Does religion cause all of today’s problems?

Questions on a higher purpose, the necessity of religion, and whether those with faith monopolise morality were just a few talking points at Thursday night’s special Inter Faith Week Epeonian Society meeting. It was held in the Co-op Lecture theatre at 8pm, and ran until 9.30pm.

Les Acklam, the University of Lincoln's chaplain, introduced the film | Photo: Dec Ackroyd
Les Acklam, the University of Lincoln's chaplain, introduced the film. | Photo: Dec Ackroyd

The eighteen people attending, who represented different religious and non-religious beliefs, watched several parts of the award-winning documentary “Beyond Our Differences”, which included the Dalai Lama and Archbishop Desmond Tutu as contributors, among others.
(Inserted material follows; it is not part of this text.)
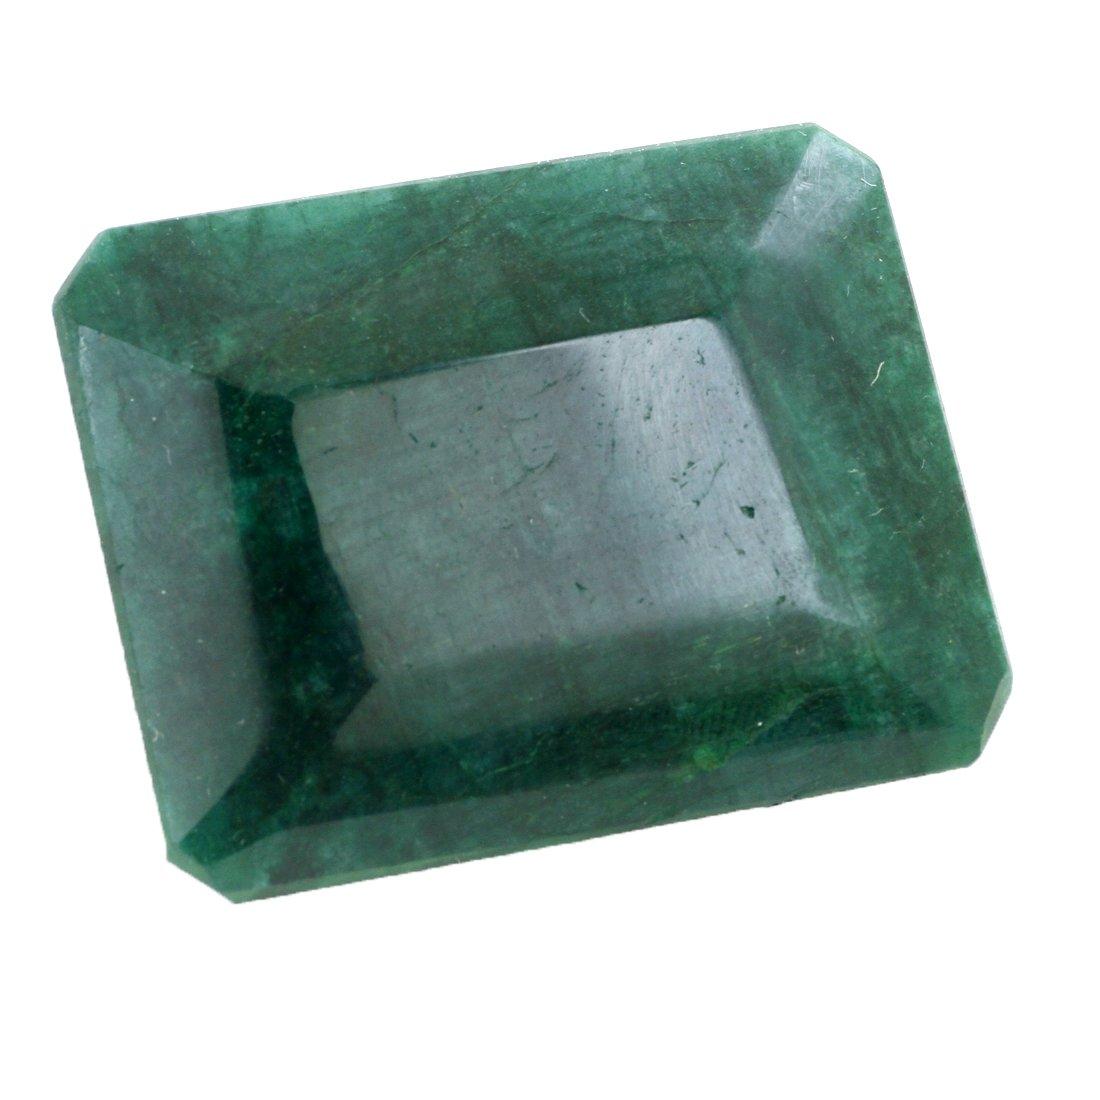 skyjewels認定300 ctエメラルドファセットグリーンエメラルドLoose宝石   B075Z5D1FD

The film raised several issues, such as the use of religion for personal agendas and war, and sought to present the “true” meaning of God and faith.
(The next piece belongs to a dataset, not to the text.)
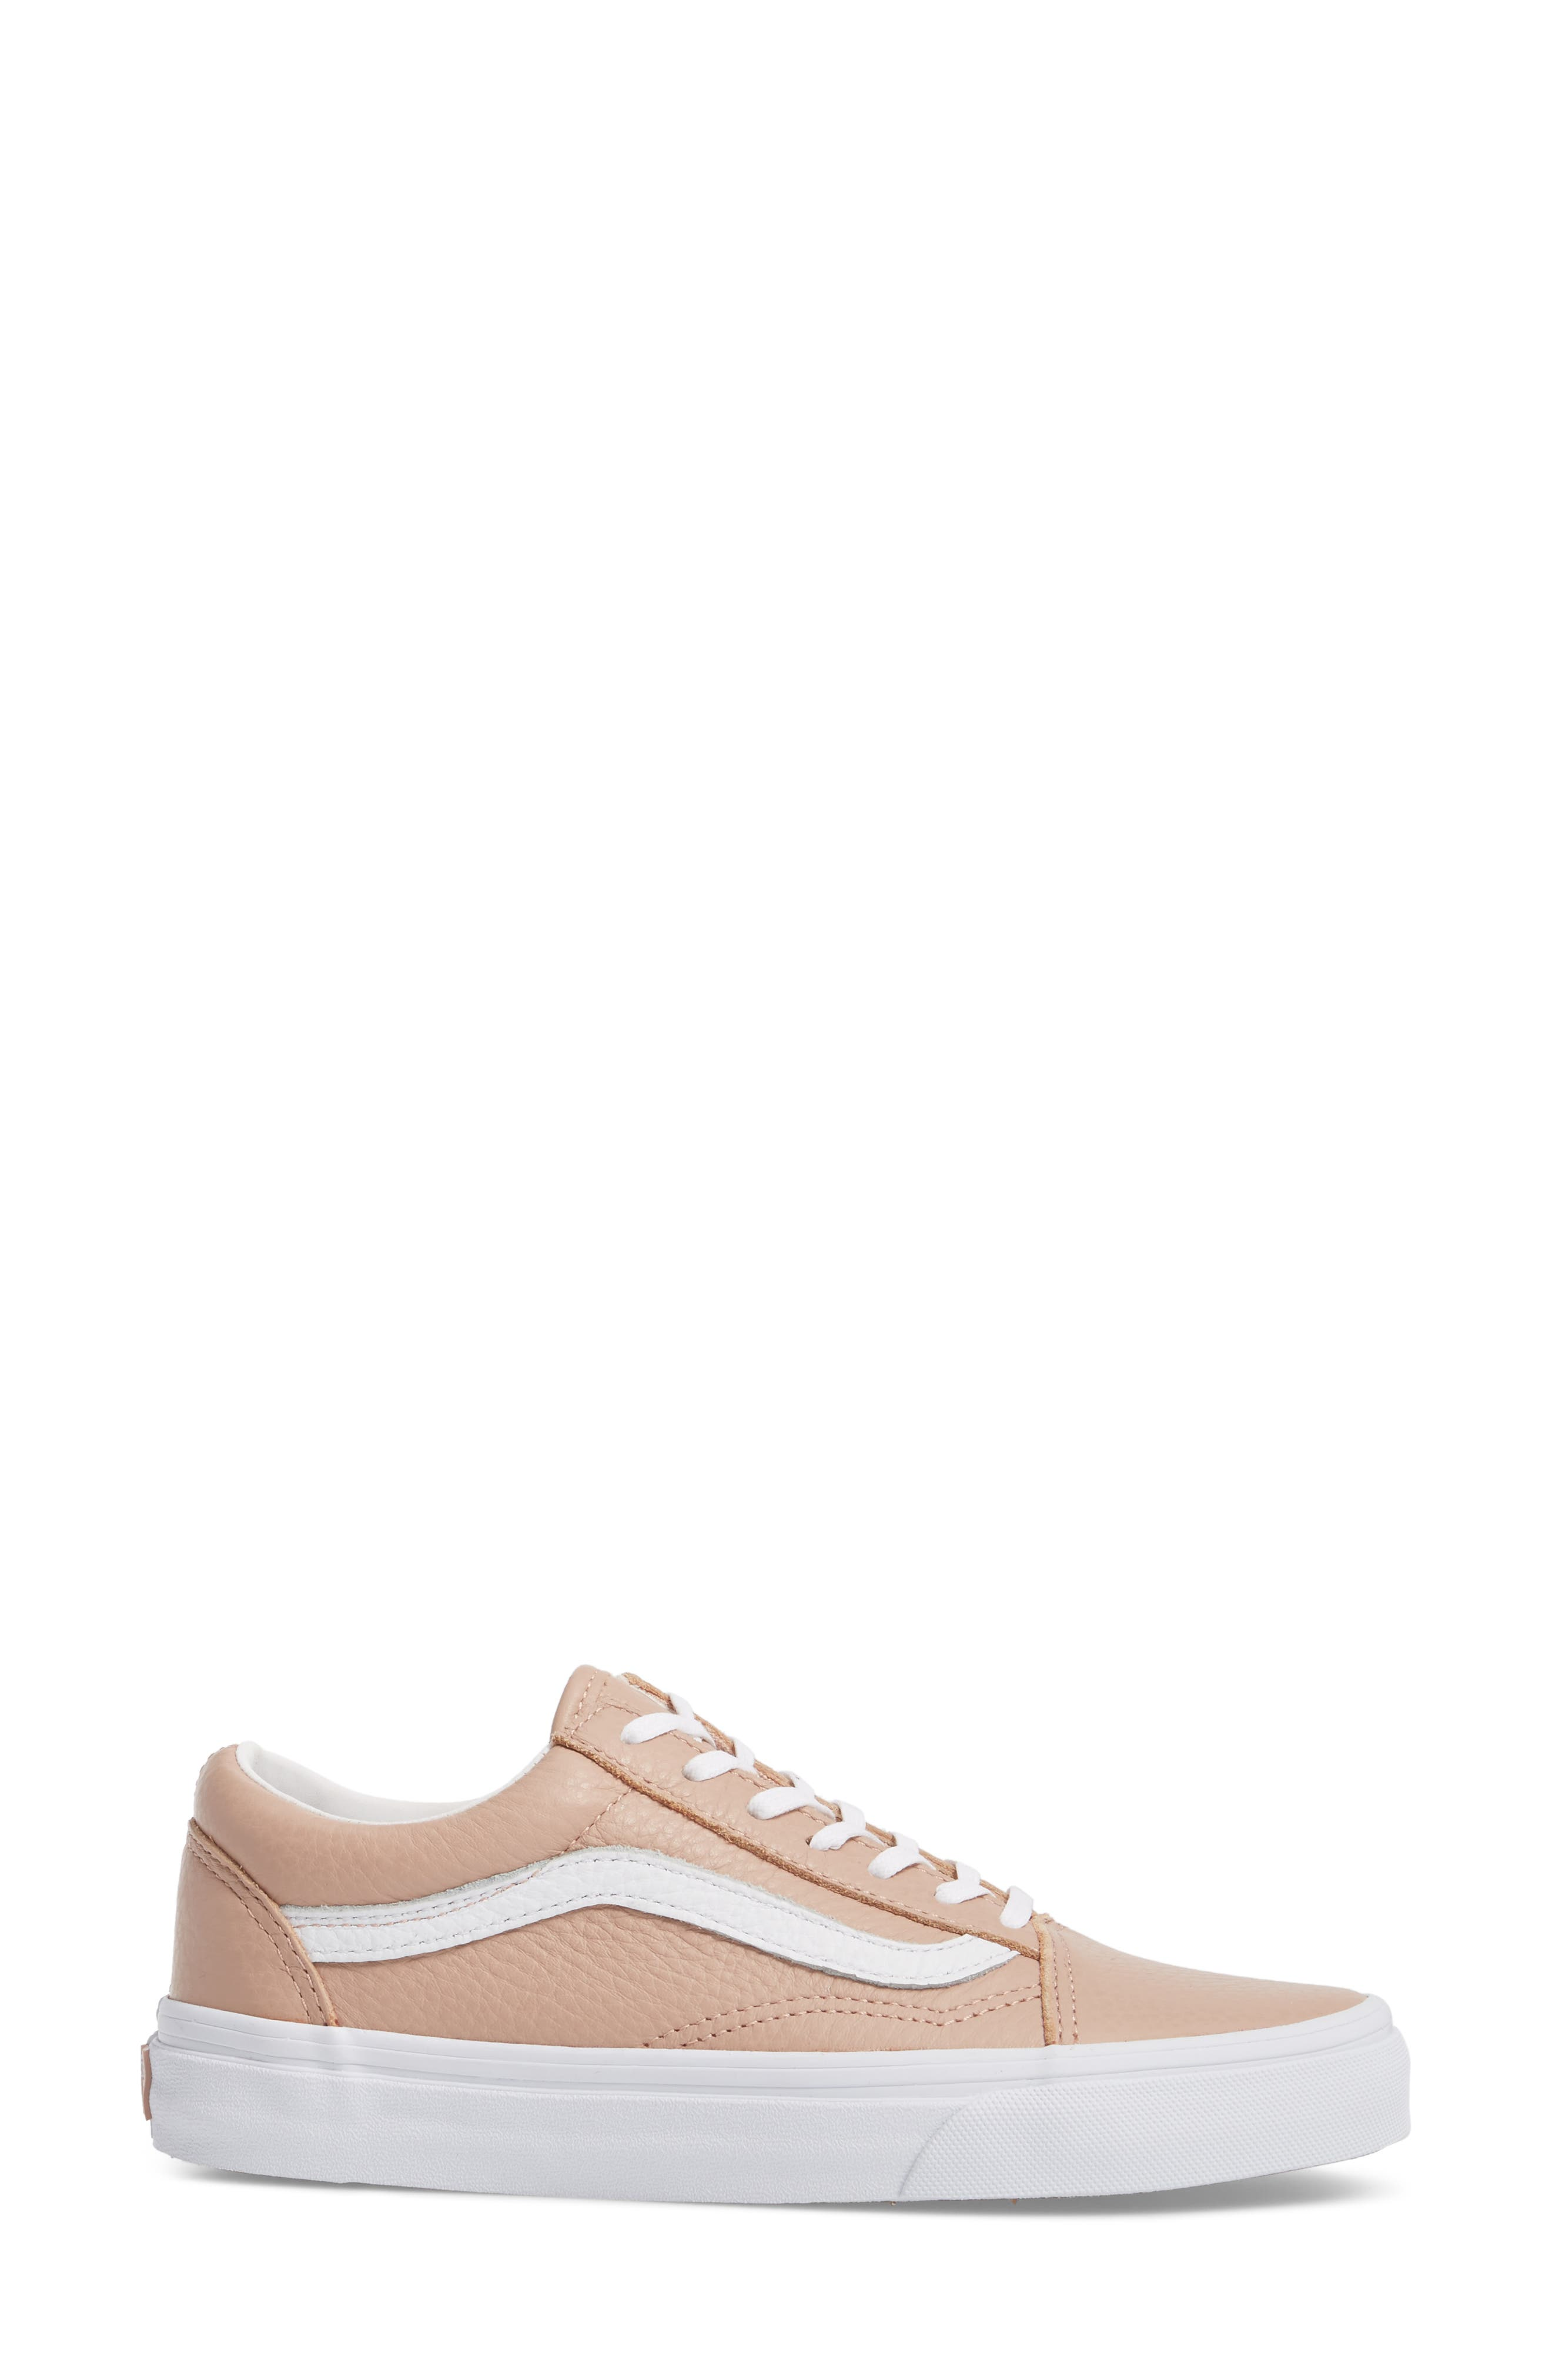 Old Skool DX Sneaker,                             Alternate thumbnail 3, color,                             652

In the discussion that followed, one participant questioned why the Pope, as one person, could dictate to millions of others if faith is meant to be personal. They also questioned the logic behind the Pope’s statement that Africans shouldn’t wear condoms.

A Roman Catholic representative said that the Pope “shouldn’t be taken out of context” and that there are internal disputes surrounding papal opinion. He added that it’s not the case that every Roman Catholic agrees with everything the Pope says.

When concerns were raised over part of the Qur’an which claims non-believers will burn in hell, one Muslim pointed out that we must be careful when reading translated versions of the religious text. It was originally written in Arabic, and so meanings and words can be distorted and changed in translation, either due to language differences or the bias of the translator, she argued.

At the end of the meeting there was a general consensus that the problems with religions don’t lie with faith, but are down to interpretation of religious texts. It was also agreed that fundamentalists, who represent their own agendas, often misrepresent religions and are not representative of people with faith.

Emma Parrish, president of the Epeonian Society, said: “It was an interesting debate and I’m glad that we did it. Even if the turnout was a little disappointing, I’d still say it was a success. [Inter faith relations] are an important issue for society to look at.”